На станции Или минутах в пятнадцати езды от Кембриджа, Кристина взяла Йорна за руку и повела по старинным улочкам еще одного средневекового комьюнити, выросшего вокруг церковной институции – собора Или. Пожалуй, именно от подобных тихих местечек Йорна после инцидента с «Черным Лебедем» коробило больше, чем от почти улетучившегося из памяти неизвестного господина в дорогом костюме. Йорн усердно отрабатывал свою привилегию услаждать все еще чуть-чуть обиженную на него Кристину рассказом о приключениях Нино Кохиани, которую он встретил случайно в Лондоне. Кристина была поражена.
– Господи, какой ужас! – то и дело повторяла она. – Может быть, ей какая-то помощь требуется?
– Я предлагал рискнуть и обратиться к отцу, но она напрочь отказывается, говорит, что легко отделалась.
– Я думала, что у нас в Кембридже относительно спокойно, а тут прямо в лаборатории… уму непостижимо!

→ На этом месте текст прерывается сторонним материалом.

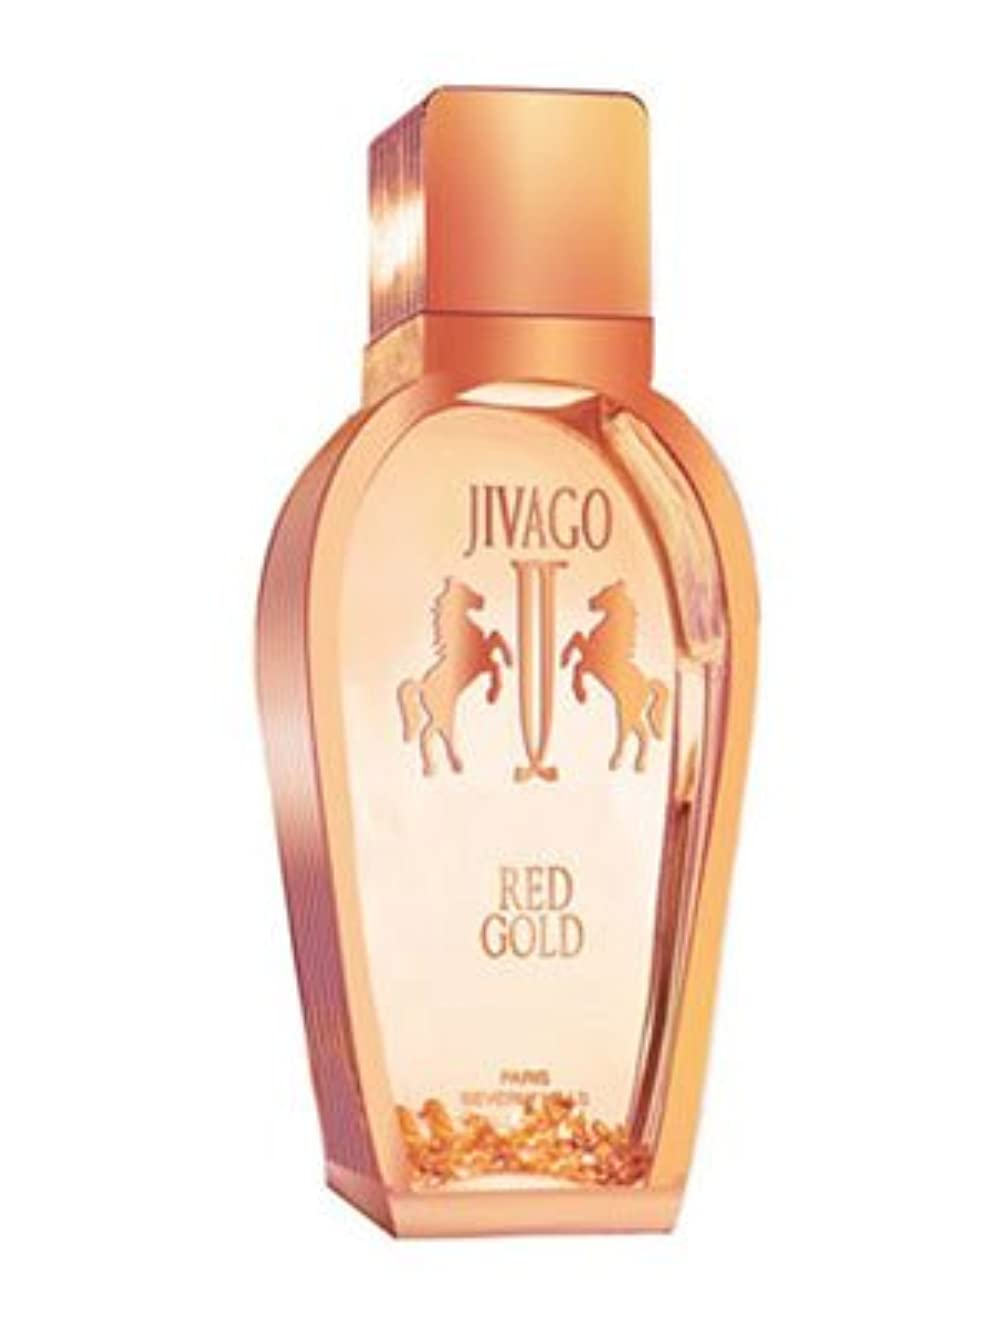 殺します気を散らす争うJivago Red Gold 3.4 oz (100ml) EDP Spray by Jivago for Men
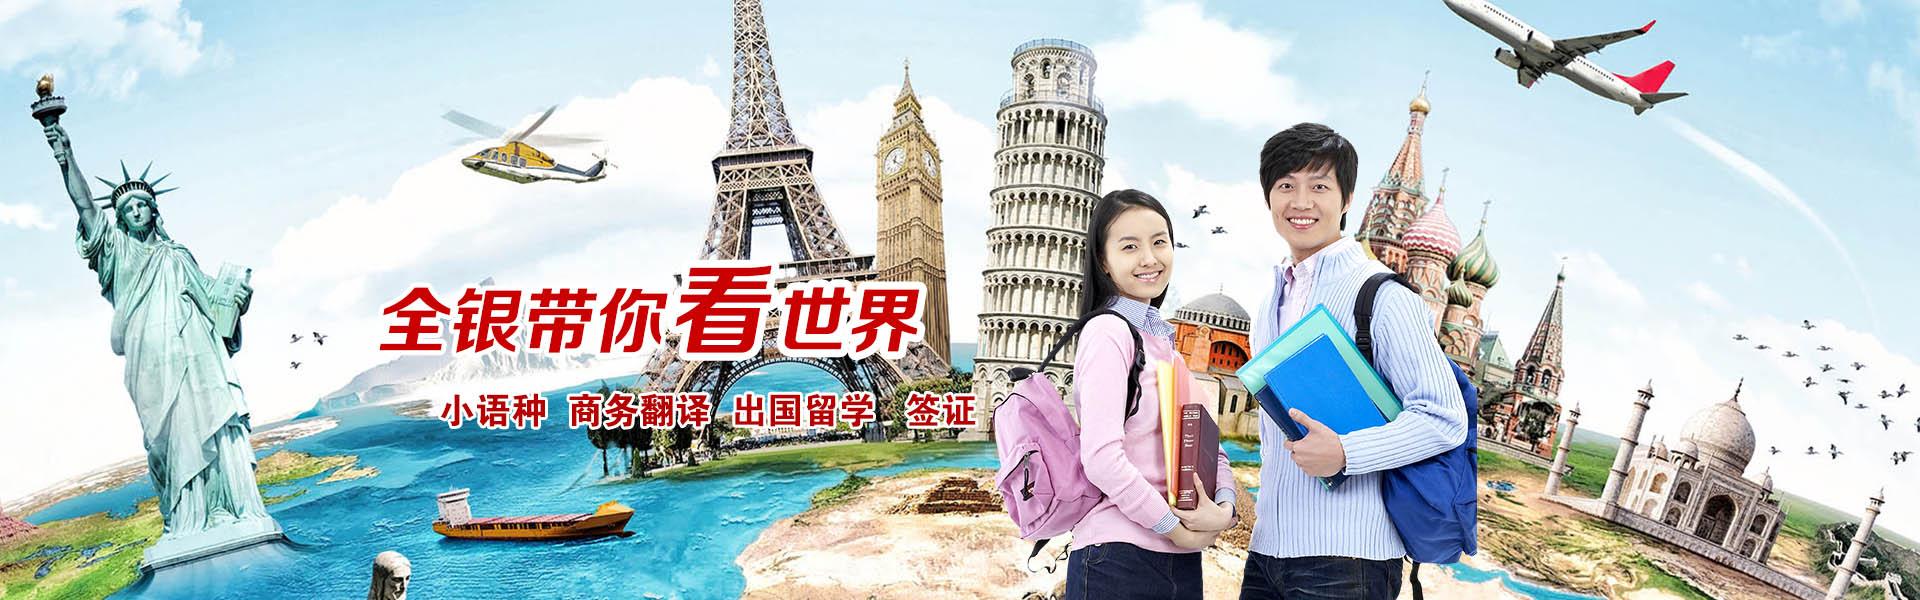 广西小语种翻译机构,广西商务翻译,广西出国留学

И вот, когда Йорн завершал веселый рассказ о том, как послал в своих мыслях куда подальше специалиста в криминологической лаборатории, а тот его мысли прочитал, Кристина остановилась возле небольшого современного здания, которое казалось уменьшенной копией какого-то крупного выставочного павильона. Несколько электронных афиш при входе приветствовали прохожих и приглашали посетить ежегодную выставку Клуба Анатомической Препарации и Консервирования Тел.
– Упс… – только и смог сказать Йорн.